CCBC-Net Archives

[CCBC-Net] Australian books ‹ what does and doesn't translate?

From: Judith Ridge <judith_ridge>
Date: Mon, 01 Oct 2007 21:24:52 +1000

I'm sorry more people haven't responded to Mike Shuttleworth's questions regarding images of and ideas about Australia, as received through US media, and how they might challenge or confirm ideas about our country and its culture as depicted in our literature.

Perhaps the reason is that the more overtly "Australian" books don't often get picked up by overseas publishers--by which I mean specifically US and UK publishers. And I'm not talking about Aussie "exotica"--wombats and kangaroos and so on--but books (novels) set in a peculiarly Australian milieu. For example:

Phillip Gwynne's remarkable (but controversial in indigenous Australian communities) "Deadly, Unna?" has had scant recognition outside of Australia. Its content and language is specifically and distinctively Australian, but its deeper themes of masculinity and race relations ought, I think, to be
"translatable". (It was published in Germany, I believe, but that's about the only non-Southern Hemisphere edition I know of.)

Similarly, Julia Lawrinson's "Bye, Beautiful" has not, as far as I know, moved beyond our shores. It also deals with black-white relationships and employs Australian vernacular and cultural references--but it also deals with family dynamics and small town communities that are, I believe, universal.

Ursula Dubosarsky's "The Red Shoe", which has as its backdrop a significant Cold War event in Australian history, has been published in the US, but while it has attracted multiple awards in Australia, has picked up a scant 2 stars in the US.

Some of you might recall an article I published in The Horn Book a few years ago about the collaboration between an Aboriginal and white Australian author, Boori Pryor and Meme McDonald.
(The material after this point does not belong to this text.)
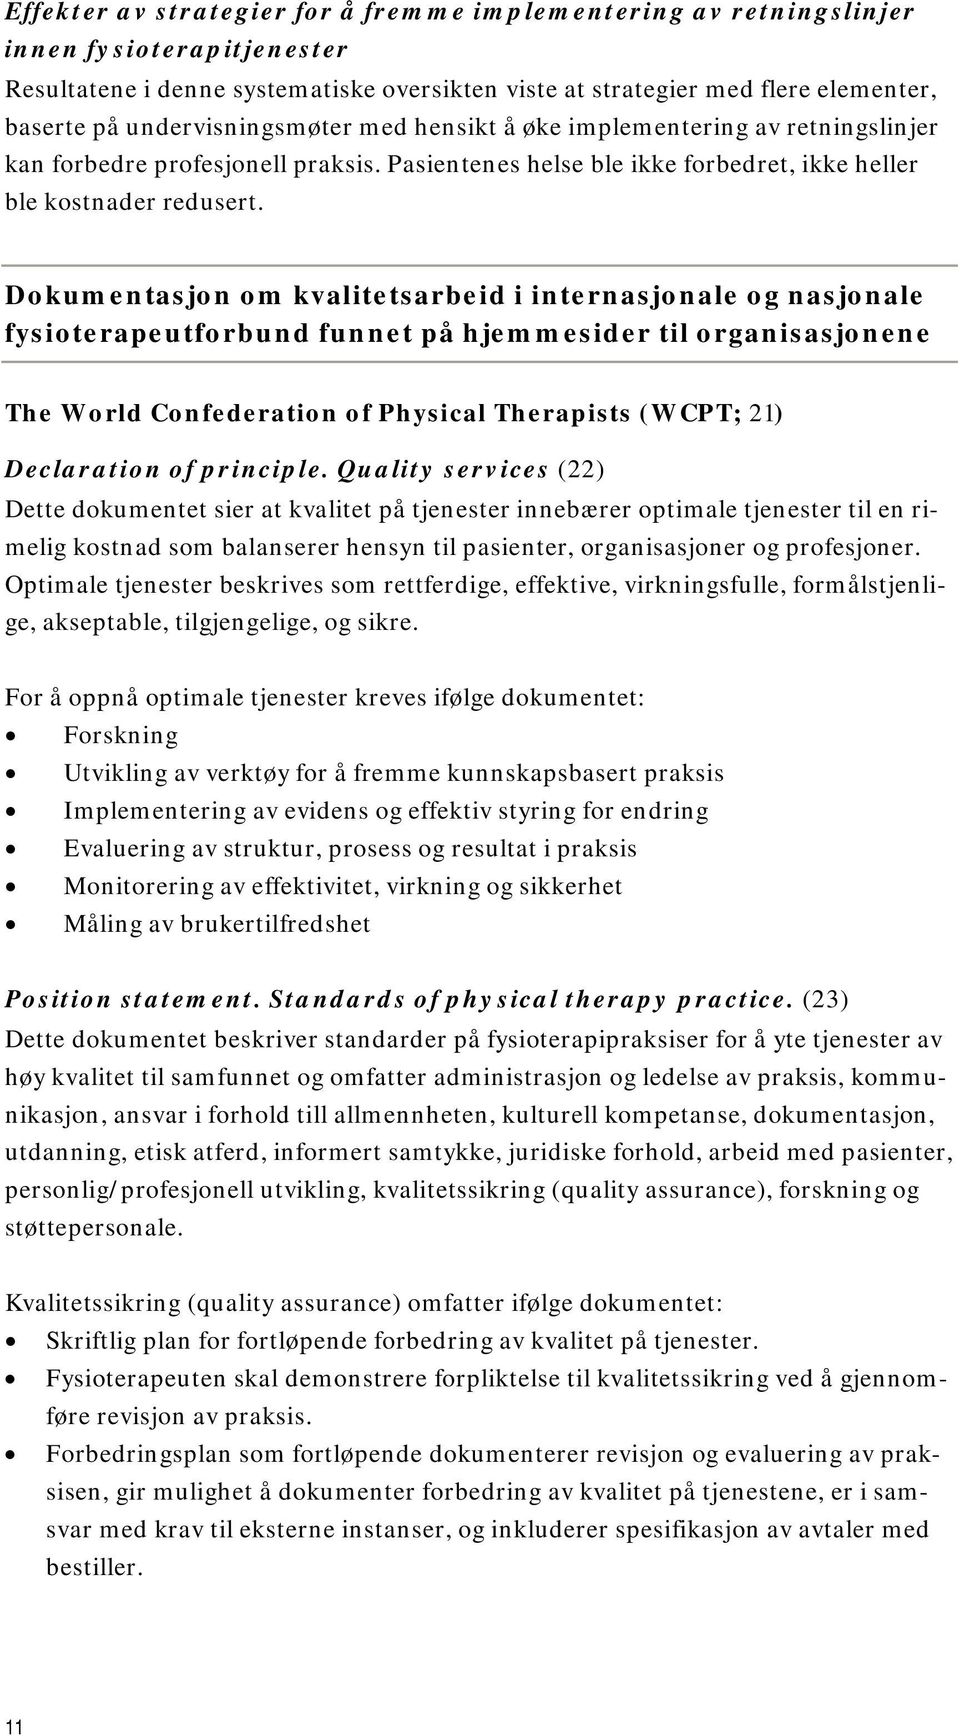 Dokumentasjon om kvalitetsarbeid i internasjonale og nasjonale fysioterapeutforbund funnet på hjemmesider til organisasjonene The World Confederation of Physical Therapists (WCPT; 21) Declaration of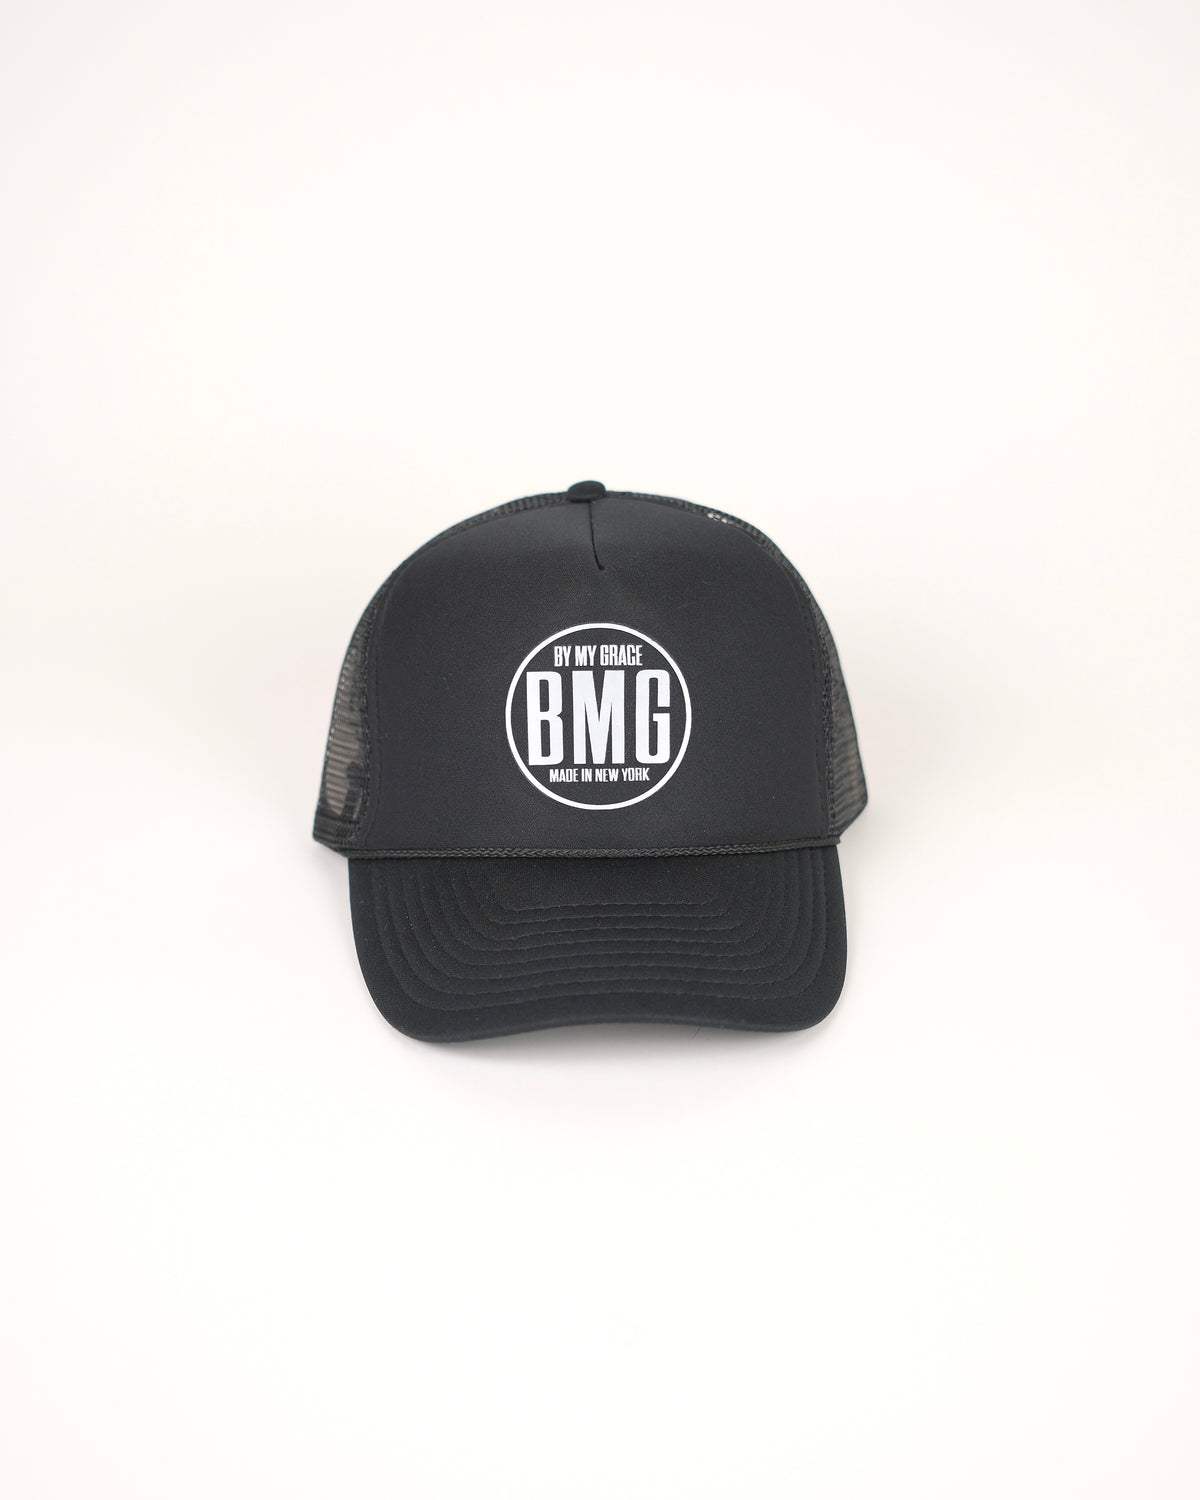 BMG Classic Trucker Hat

Again, books with specific Australian settings, concerns and language, but also universal themes of family and of cultural dispossession--books that have not been published outside our territory.

I'd hazard a guess that Australian children would not have too much difficulty--even today--accessing books about North American history and culture (including Native American stories), and Australian kids have always comfortably accommodated international stories and language and cultural references in their reading.

So I do wonder why US publishers do not think that young Americans need or want to read books from a "mirror" culture like our own. My own experiences travelling in the US suggest that you do want to read our stories--but I guess as far as most US publishers go, it's a question of population economics...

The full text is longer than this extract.